Saturday, August 23, 2014

Reasons not to replace windows with Linux

This is the eternal question everyone newbie wanting to shift to Linux ask, Which version of Linux he/she should install to replace his windows system? 



I have spent tons of time experimenting with Linux, Fedora was particularly my favourite one, and Ubuntu came next, but if you are not going to do the serious programming or start a server, my answer is none of Linux version is good enough to replace Windows(or Mac) on your computer.

Strange answer huh? 

Well I have tried many flavour of Linux and the things puts me off that none of them has full support of the hardware or software we use: 

  1. They are not optimised for my laptop battery.
  2. Graphics card driver is hard to find.
  3. If your sound card has 5.1 channel, good luck using that.
  4. They say there are no viruses for linux, but sadly there are and once you get infected saidly there are no good antiviruses.
  5. Bluetooth will work or not? it depends how good you luck is.
  6. No native MP3 or MP4 support for native (absolute version of linux) as these format are propritarty and free version don't include them. 
  7. Buy buy Steam or Any other popular gaming platform.
  8. Bye bye good graphics games.
  9. Very less support of external hardware like printers scanners. 
  10. Missing UI for many of the good utilities.
  11. Big learning curves for newbies. 
  12. Wine can run windows application? Well it is the biggest lie in history of Linux, its API support is so limited that it is worst than working on a simulated Windows inside Linux. 100% of the program which claim to be workable on Linux using wine are either give very limited or error prone usages.
This list is not small, and they don't tell you this on internet forums. 

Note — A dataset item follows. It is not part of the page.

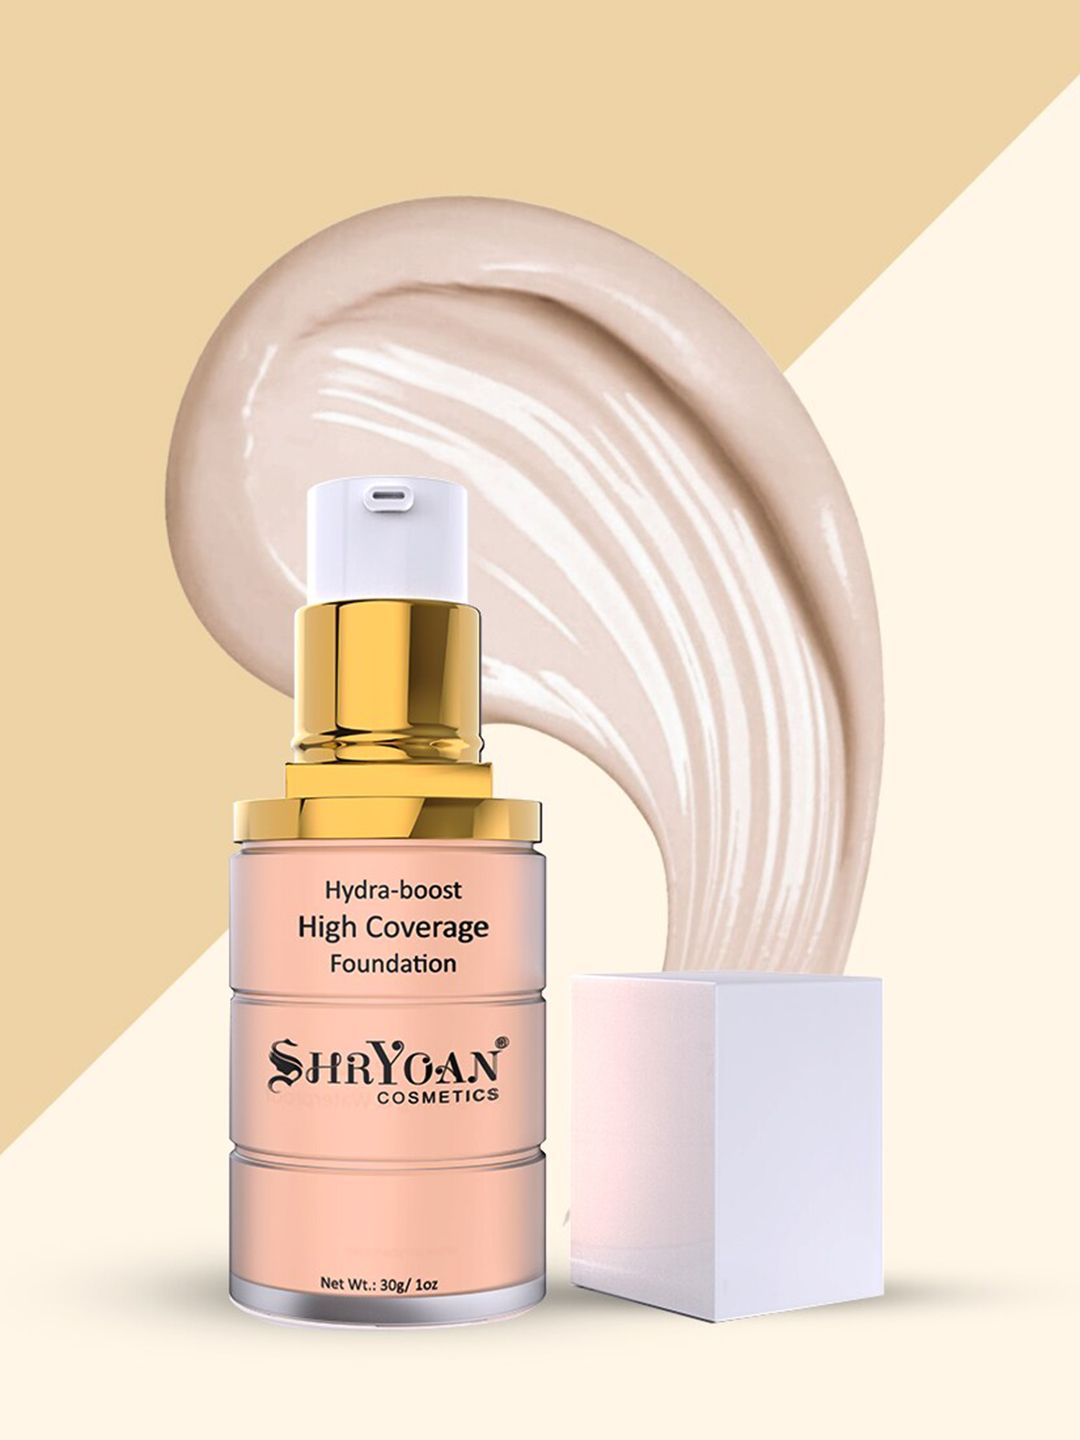 SHRYOAN Hydra-boost High Coverage Foundation 40g Price in India
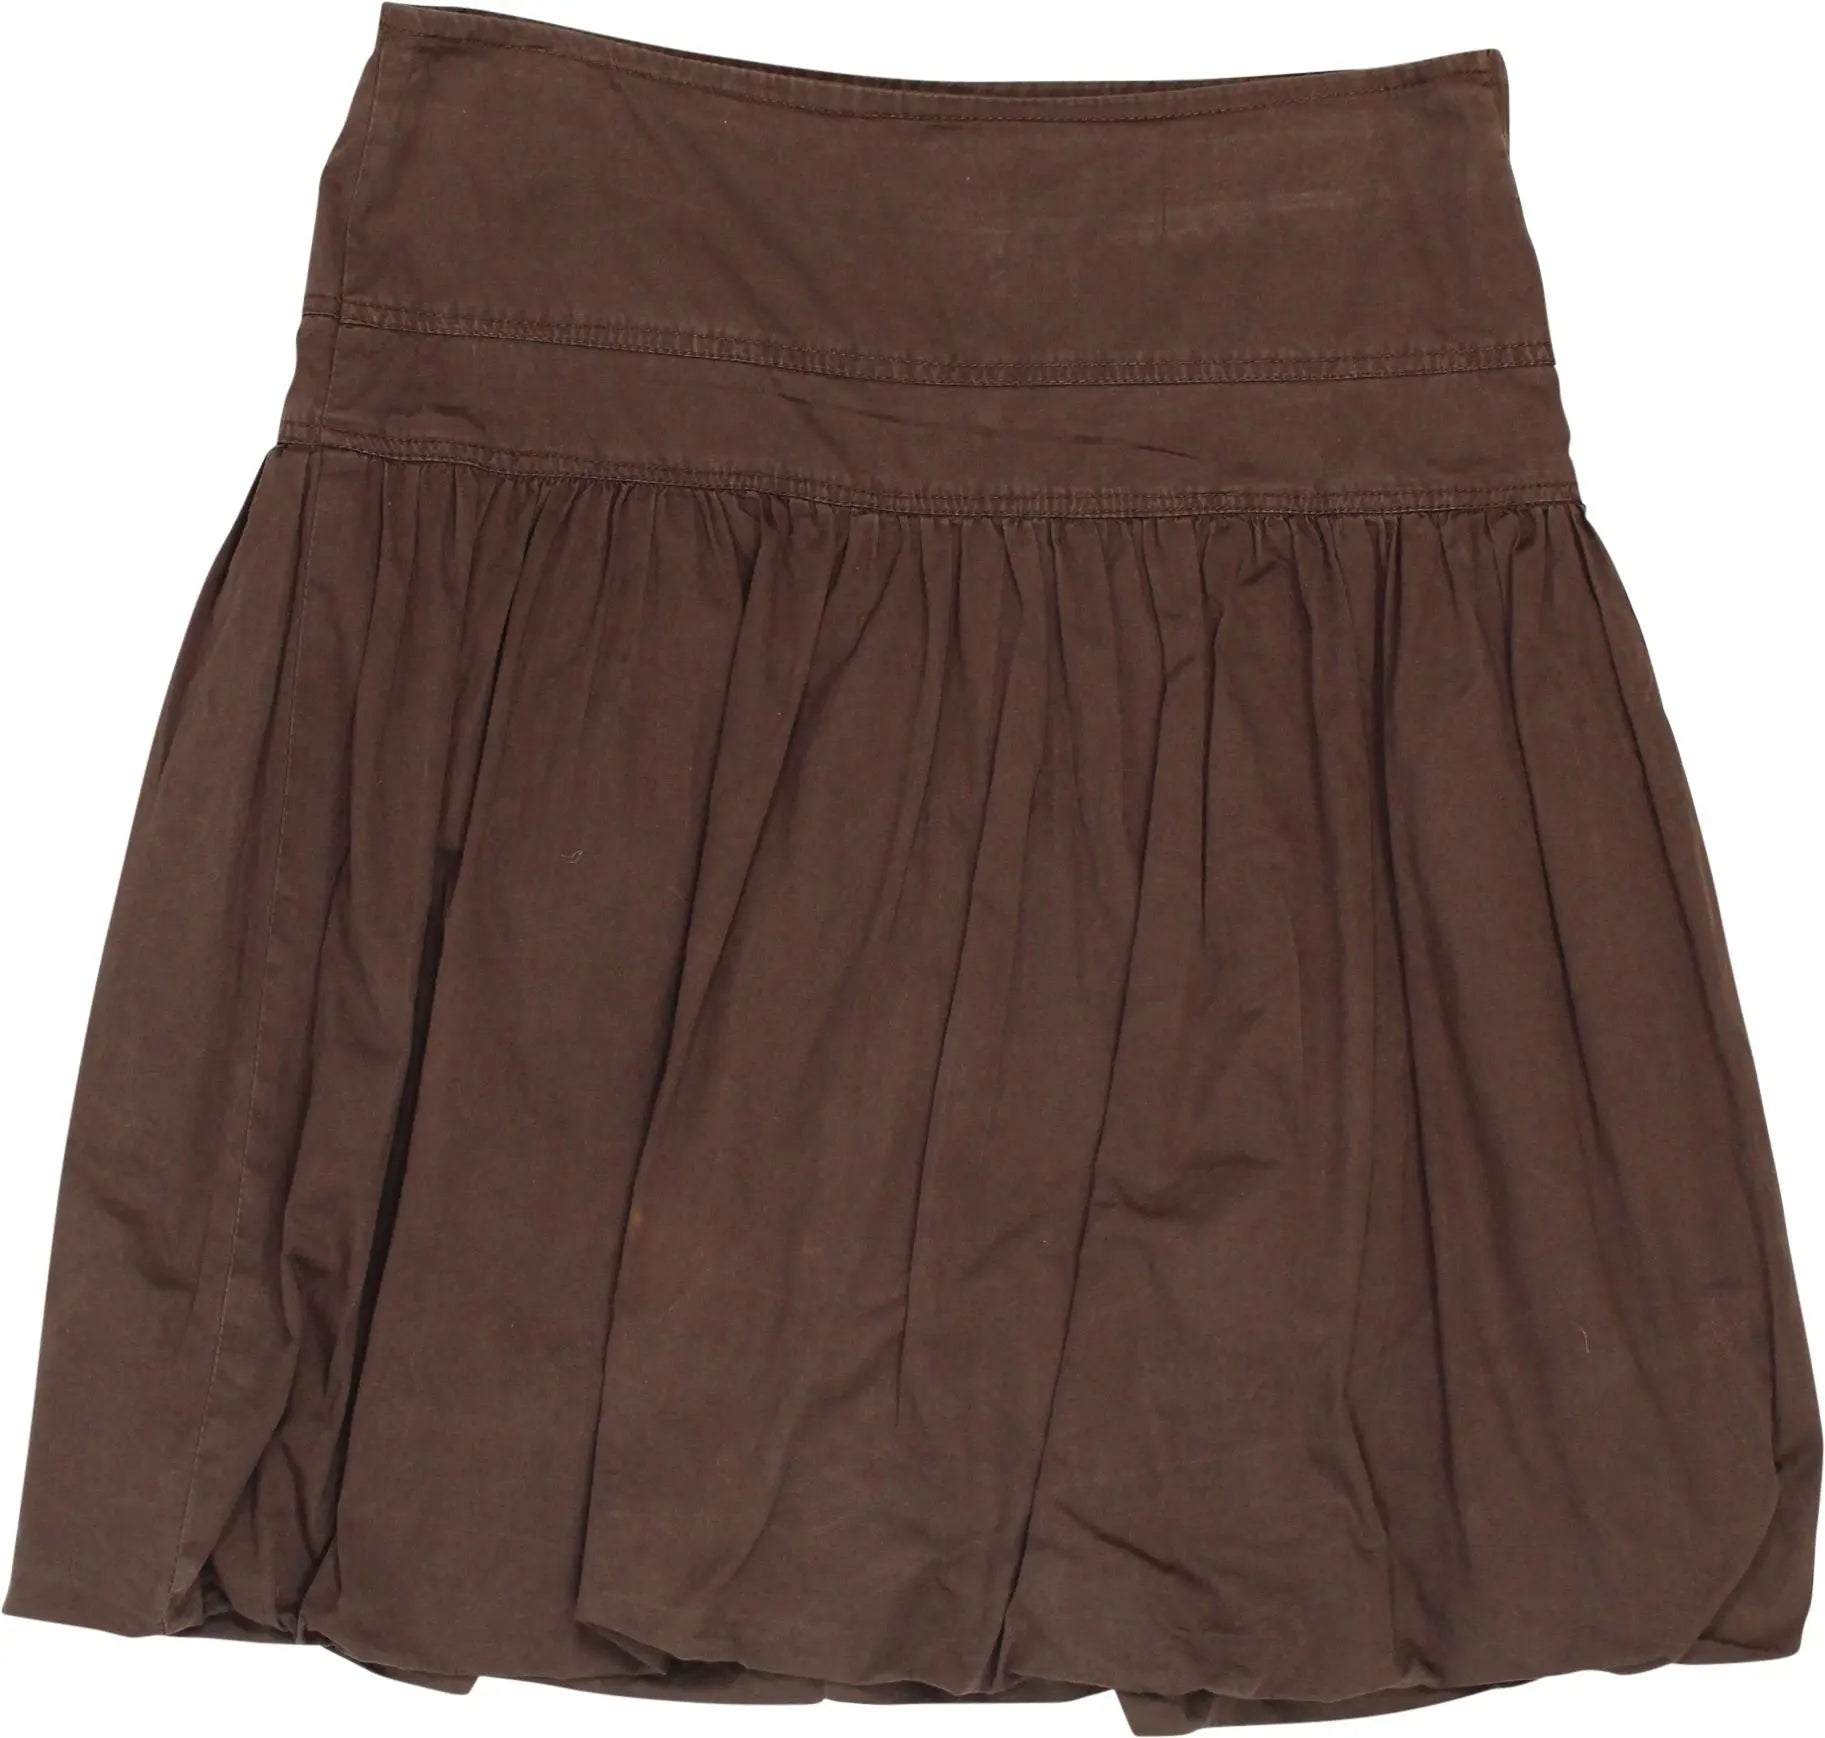 Only - Brown Skirt- ThriftTale.com - Vintage and second handclothing

Every time with every version upgrade when I switched to Linux with a hope may be in this version they might have solved all the issues, but the aid never came. There was always a serious compatibility issue finding whose solution was not worth my time. With Windows it just worked. (True story!) 

I don't say that you won't find the answer for these question in the largely supported Linux community, but it is like solving a murder mystery, you just know that you have to find a murderer, the "how" part is a tough journey. Where as Windows, it came with the hardware optimisation, almost any external hardware you buy is intrinsically  compatible with windows, not because Windows so generically well written program, but because there is a PR team in Microsoft department, which pursue all the big manufacturers to write good drivers and compatibility routines for windows, and all other small companies follows it because they want to compete with the big companies. 

Yes there are counter argument that Linux is well written, free opensource and stuff, but the bottom line is that offers little or no actual support for local hardware, all is company driven and only thing which might ensure that your Linux will support all the internal or external hardware you use(or gonna use) is prayer to god that some good Linux Kernal or OS developer ends up using the same hardware and write support drivers for it (even if they do, the installation is confusing and have little or none interactive UI).

I don't say that Linux is a bad thing thing, in my opinion it is the greatest thing ever happened to software industry, but it still give you no edge over Windows 7 above operating systems, (If you are stuck with Vista, probably you can go for Linux).